Shell Sort

Shell sort is based on insertion sort as a general way to improve its performance, by breaking the original list into smaller sublists which are then individually sorted using insertion sort.

There is a nice video created at Sapientia University which shows the process as a Hungarian folk dance.

How it works

Instead of comparing elements that are side-by-side and swapping them if they are out of order, the way insertion sort does it, the shell sort algorithm compares elements that are far apart.

The distance between elements is known as the gap. If the elements being compared are in the wrong order, they are swapped across the gap. This eliminates many in-between copies that are common with insertion sort.

The idea is that by moving the elements over large gaps, the array becomes partially sorted quite quickly. This makes later passes faster because they don't have to swap so many items anymore.

Once a pass has been completed, the gap is made smaller and a new pass starts. This repeats until the gap has size 1, at which point the algorithm functions just like insertion sort. But since the data is already fairly well sorted by then, the final pass can be very quick.

An example

Suppose we want to sort the array [64, 20, 50, 33, 72, 10, 23, -1, 4] using shell sort.

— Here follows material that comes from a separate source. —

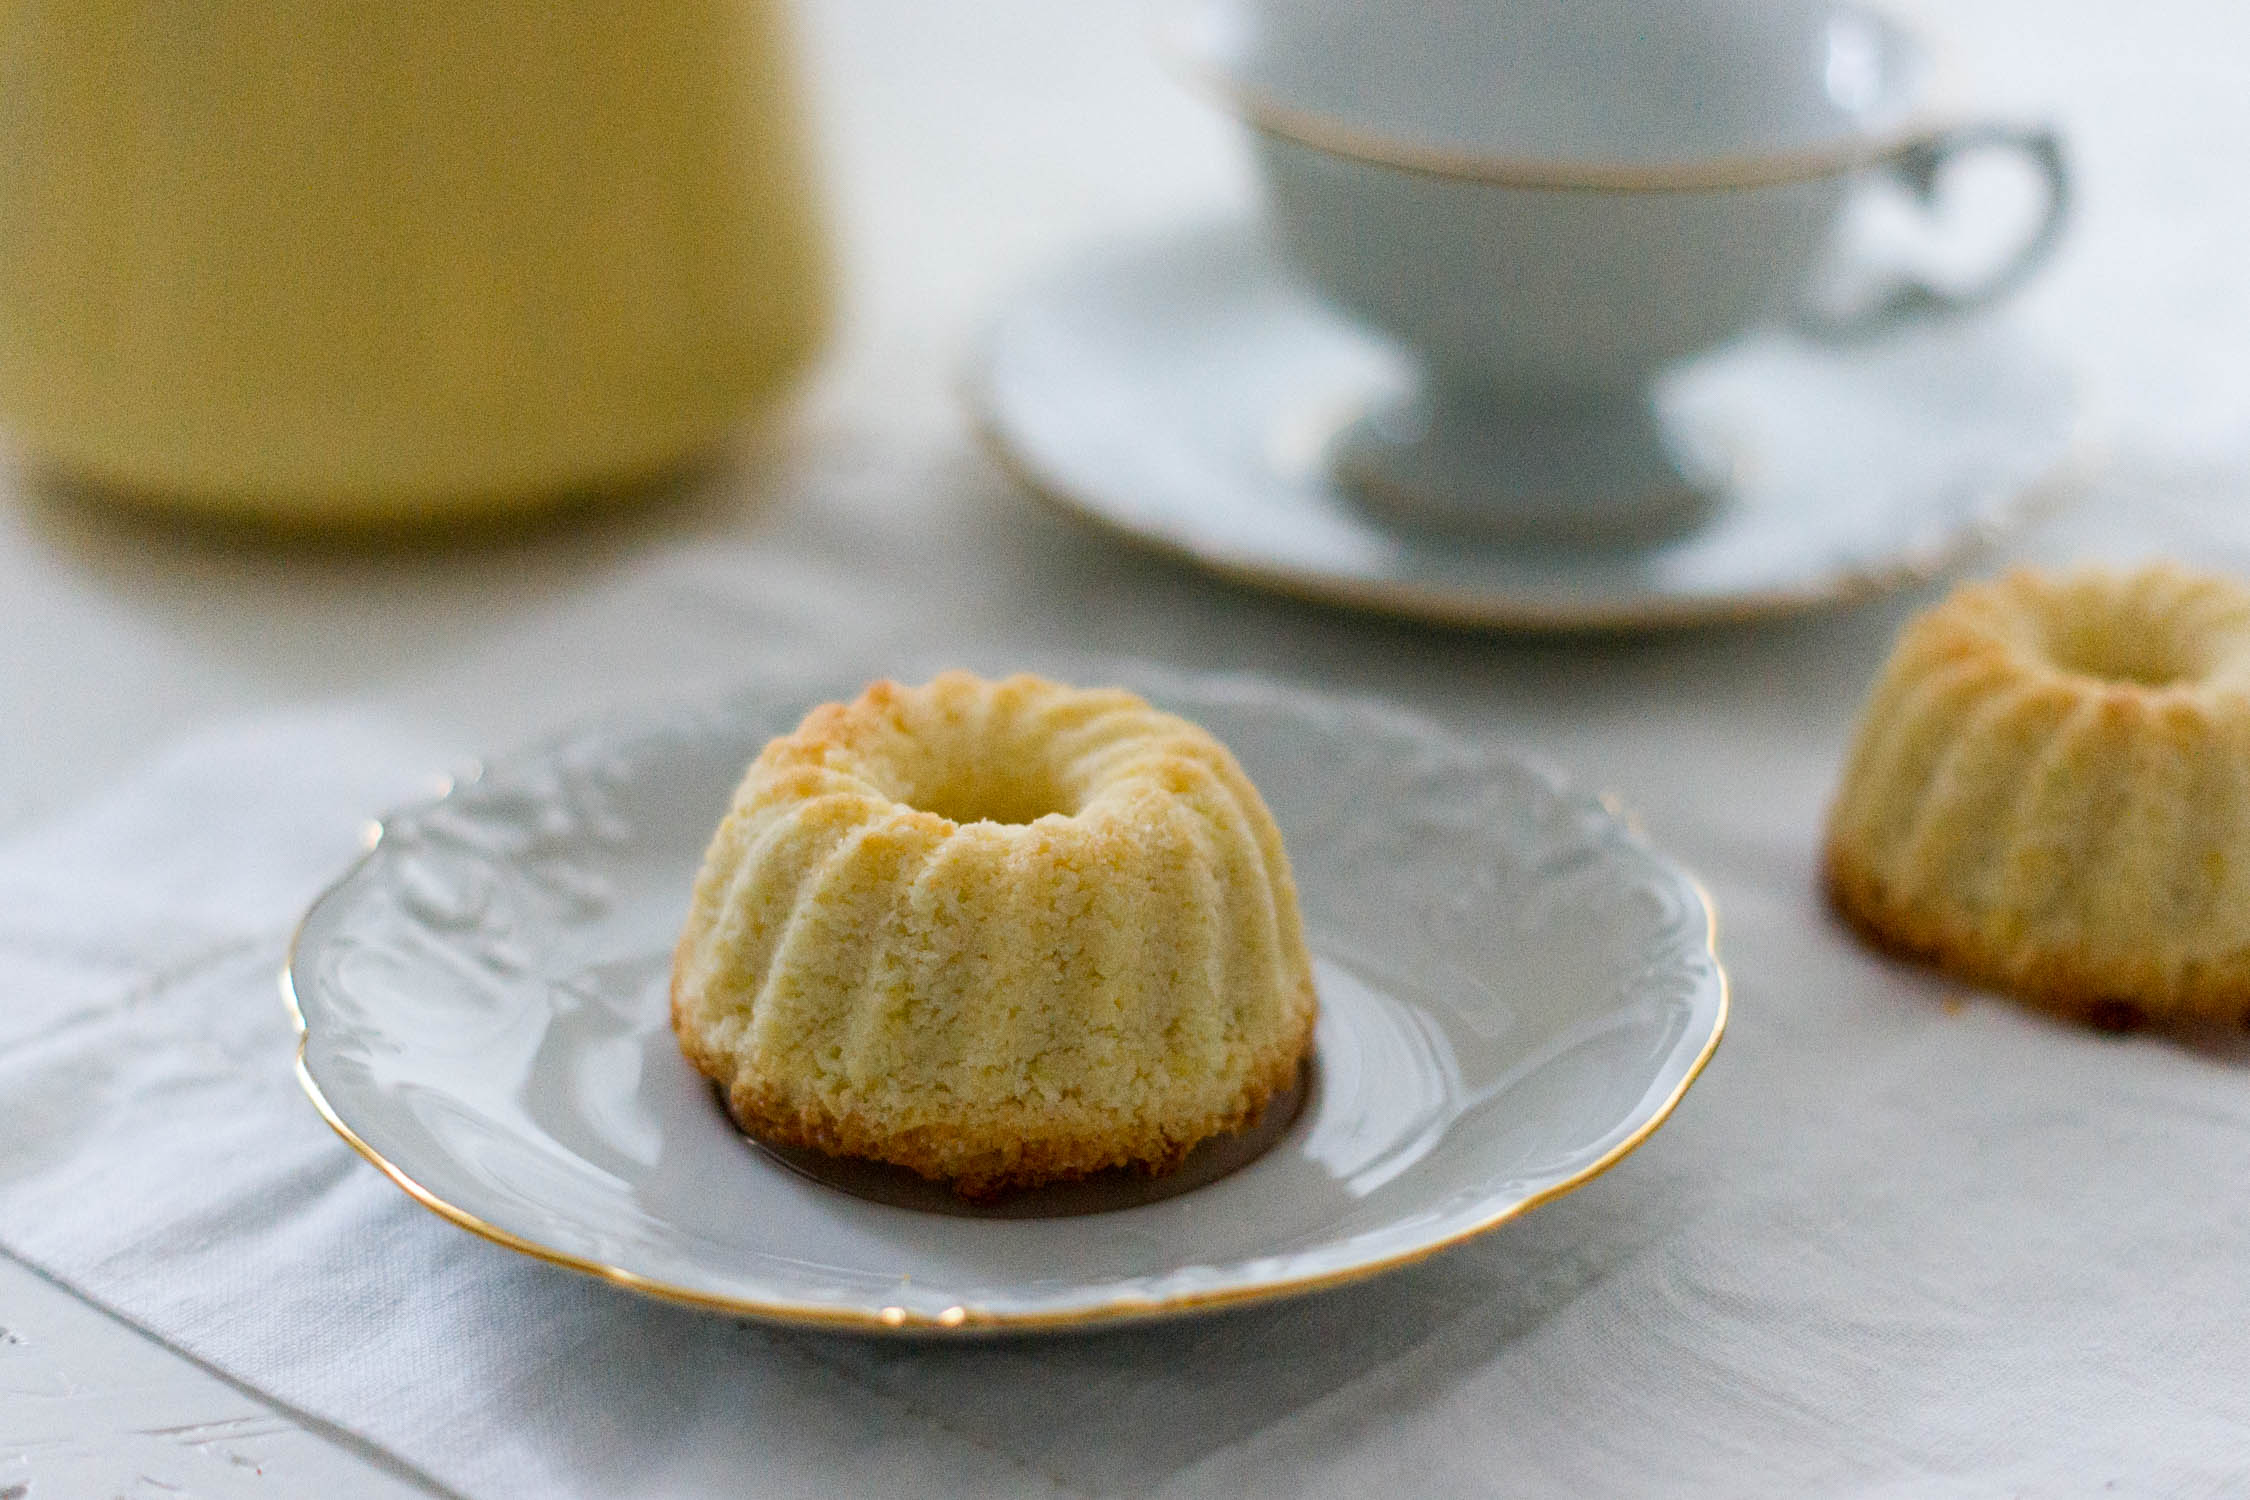 glutenfreier kokos mini gugelhupf yellowgirl der diy lifestyle blog. Black Bedroom Furniture Sets. Home Design Ideas

We start by dividing the length of the array by 2:

n = floor(9/2) = 4

This is the gap size.

We create n sublists. In each sublist, the items are spaced apart by a gap of size n. In our example, we need to make four of these sublists. The sublists are sorted by the insertionSort() function.

That may not have made a whole lot of sense, so let's take a closer look at what happens.

The first pass is as follows. We have n = 4, so we make four sublists:

sublist 0:  [ 64, xx, xx, xx, 72, xx, xx, xx, 4  ]
sublist 1:  [ xx, 20, xx, xx, xx, 10, xx, xx, xx ]
sublist 2:  [ xx, xx, 50, xx, xx, xx, 23, xx, xx ]
sublist 3:  [ xx, xx, xx, 33, xx, xx, xx, -1, xx ]

As you can see, each sublist contains only every 4th item from the original array. The items that are not in a sublist are marked with xx. So the first sublist is [ 64, 72, 4 ] and the second is [ 20, 10 ], and so on. The reason we use this "gap" is so that we don't have to actually make new arrays. Instead, we interleave them in the original array.

We now call insertionSort() once on each sublist.

This particular version of insertion sort sorts from the back to the front. Each item in the sublist is compared against the others. If they're in the wrong order, the value is swapped and travels all the way down until we reach the start of the sublist.

So for sublist 0, we swap 4 with 72, then swap 4 with 64. After sorting, this sublist looks like:

sublist 0:  [ 4, xx, xx, xx, 64, xx, xx, xx, 72 ]

The other three sublists after sorting:

sublist 1:  [ xx, 10, xx, xx, xx, 20, xx, xx, xx ]
sublist 2:  [ xx, xx, 23, xx, xx, xx, 50, xx, xx ]
sublist 3:  [ xx, xx, xx, -1, xx, xx, xx, 33, xx ]

The total array looks like this now:

[ 4, 10, 23, -1, 64, 20, 50, 33, 72 ]

It's not entirely sorted yet but it's more sorted than before. This completes the first pass.

In the second pass, we divide the gap size by two:

n = floor(4/2) = 2

That means we now create only two sublists:

sublist 0:  [  4, xx, 23, xx, 64, xx, 50, xx, 72 ]
sublist 1:  [ xx, 10, xx, -1, xx, 20, xx, 33, xx ]

Each sublist contains every 2nd item. Again, we call insertionSort() to sort these sublists. The result is:

sublist 0:  [  4, xx, 23, xx, 50, xx, 64, xx, 72 ]
sublist 1:  [ xx, -1, xx, 10, xx, 20, xx, 33, xx ]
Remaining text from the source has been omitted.